* [Raw data]:
+ + + + +

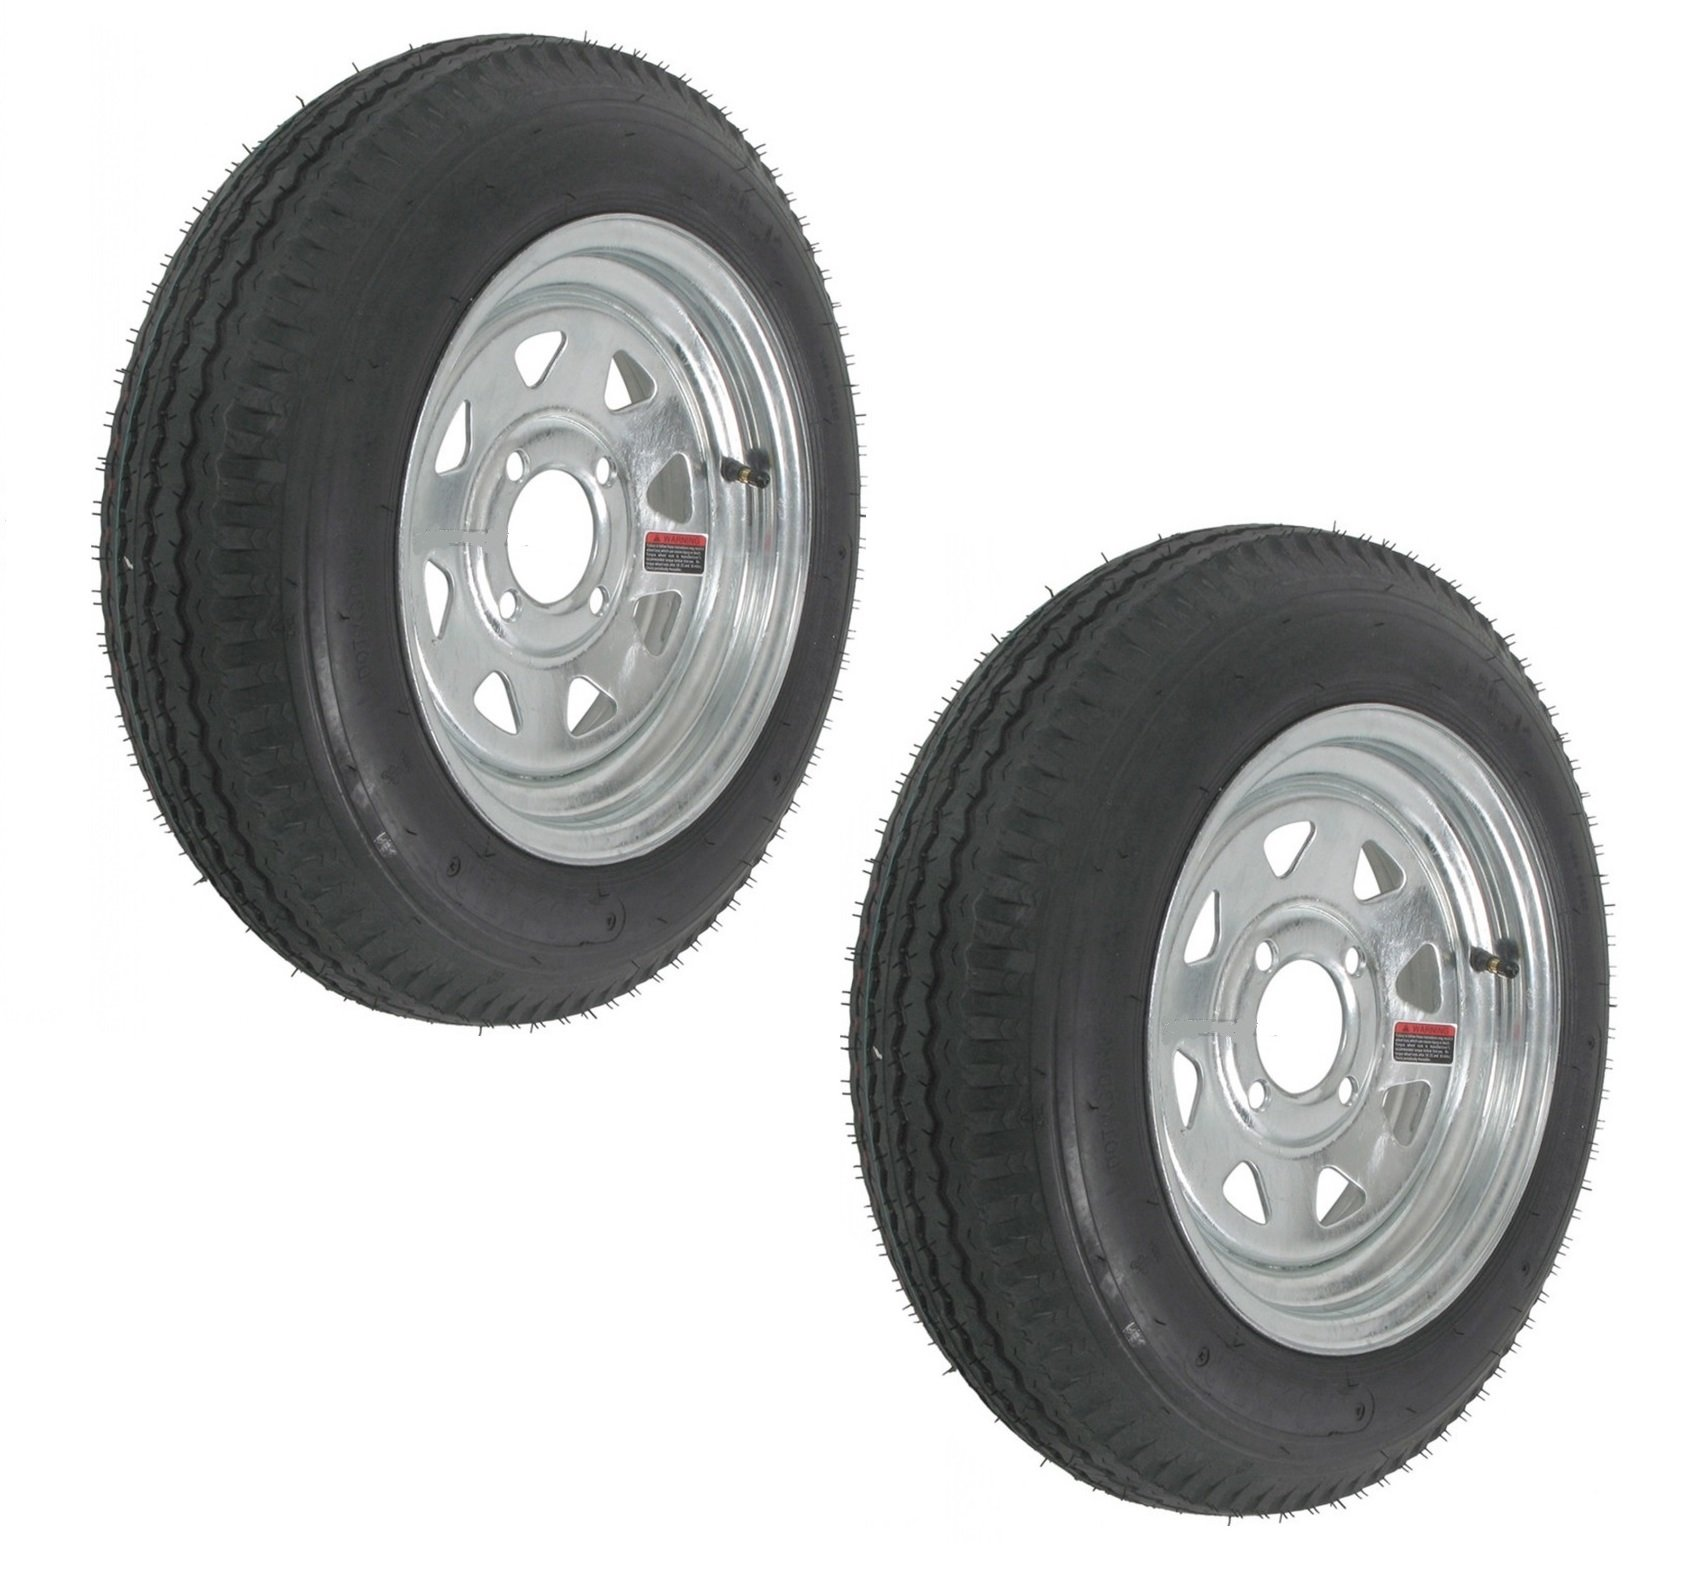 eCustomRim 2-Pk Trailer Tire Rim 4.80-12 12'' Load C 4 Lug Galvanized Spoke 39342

+ + + + +

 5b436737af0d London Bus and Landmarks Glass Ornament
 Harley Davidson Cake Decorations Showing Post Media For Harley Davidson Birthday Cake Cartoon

+ + + + +

* [Exercise]:
Everything from the line with "5b436737af0d London Bus" through the line with "Harley Davidson Cake" should be written out exactly as it appears above, end lines included, and nothing outside that range.

* [Response to the task]:
 5b436737af0d London Bus and Landmarks Glass Ornament
 Harley Davidson Cake Decorations Showing Post Media For Harley Davidson Birthday Cake Cartoon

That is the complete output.